MacBook – Brand new MacBook Pro flagship behaving strangely

cpucrashgpuhangmacbook pro

Today i got the newest available MacBook Pro flagship model. After setting up some basics, installing Photoshop, JRE, XAMPP and NetBeans, i started to use the machine a bit, doing some basic coding.

While using Netbeans, the fans rev up in an abnormal fashion. Of course i checked the CPU usage in Activity Monitor, but nothing abnormal showed up – merely just 7%-10% usage varying. There was simply nothing running, that would use up the CPU. I have owned a 2014 model previously and it never showed such behaviour.

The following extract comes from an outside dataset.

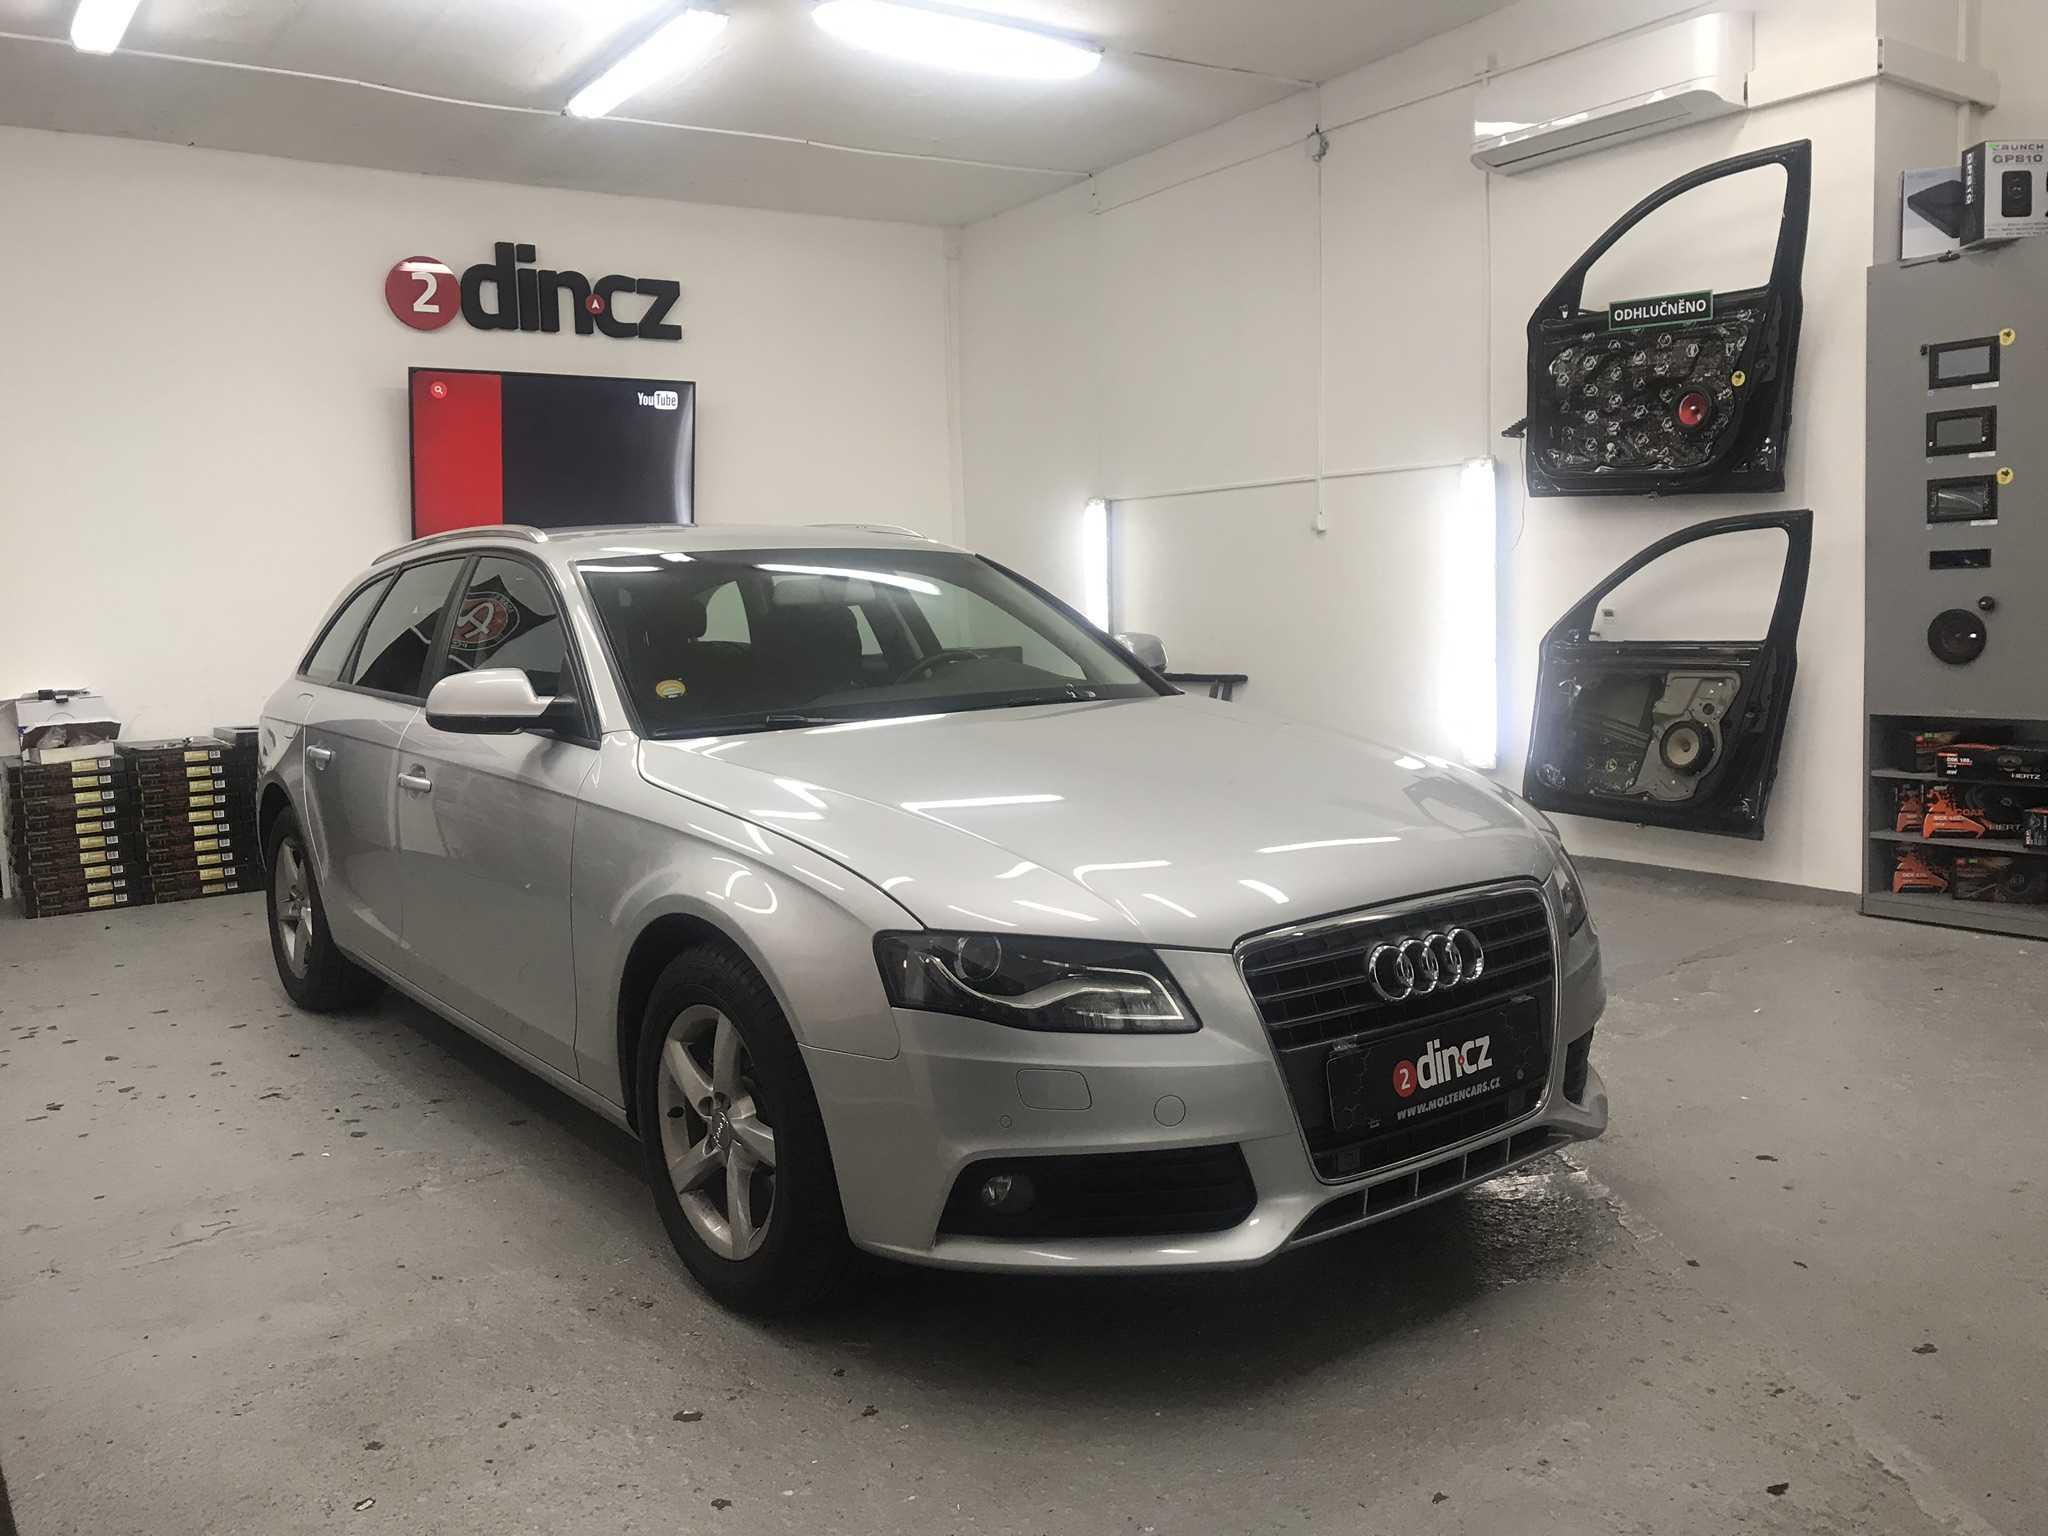 Audi A4 B7 - Instalace reproduktorů a vytlumení

In fact, unless NetBeans was scanning a huge project and the CPU usage went up to 100%+, the fans were not even noticeable at all.

What i tried

After some research, i reset the SMC, but the issue remained. Instead of working flawlessly, after resetting the SMC and rebooting the machine, then running it for a few minutes and then opening apple.stackexchange.com in Google Chrome, suddenly the entire screen turned white and the only thing that was still there was the mouse pointer, which i could move around, but otherwise the machine was unresponsive.

I rebooted and checked the log, which under System Diagnostic Reports now showed a file prefixed with Kernel which said:

Event: GPU Reset
Application: WindowServer
OS Version: Mac OS X Version 10.10.3 (Build 14D2134)
Graphics Hardware: AMD Radeon R9 M370X
Signature: 0

Followed by a huge chunk of dump data.

Sadness fills my being.

Could this be a hardware issue? Badly applied cooling paste? Would you send it back and buy a new one, or try to get it fixed?


Specs:

MacBook Pro (Retina, 15-inch, Mid 2015), Core i7 2.8 GHz, 16 GB RAM, Intel Iris Pro 1.5 GB + AMD Radeon R9 M370X running Yosemite 10.10.3

Best Answer

If it is a hardware issue, you'll have CPU usage and issues with a stock OS. Back things up and wipe it. Then run the iLife apps like garage band and iMovie and Photos to soak the CPU.

Everything in my experience is you have some software issues that aren't ready for the new API and new CPU/GPU and will have occasional panics as the drivers get updated for non-apple users or the non-apple code gets patched to behave properly.

  • Adobe is notorious for needing a patch for new HW.
  • JRE, XAMPP, NetBeans - would depend heavily on your versions
  • Apple offer free hardware support - why not get them to check things and let you know. Run sysdiagnose each time you get a panic so you have all the diagnostic logs saved if you end up with some pattern of 10 or more KP so that engineering can analyze things. If you have less than a dozen crashes or can't make it happen, realize that you'll likely need to pay someone to analyze those diagnostics as it's time consuming and requires fairly specialized experience to make headway on non-reproducible core dumps and panics.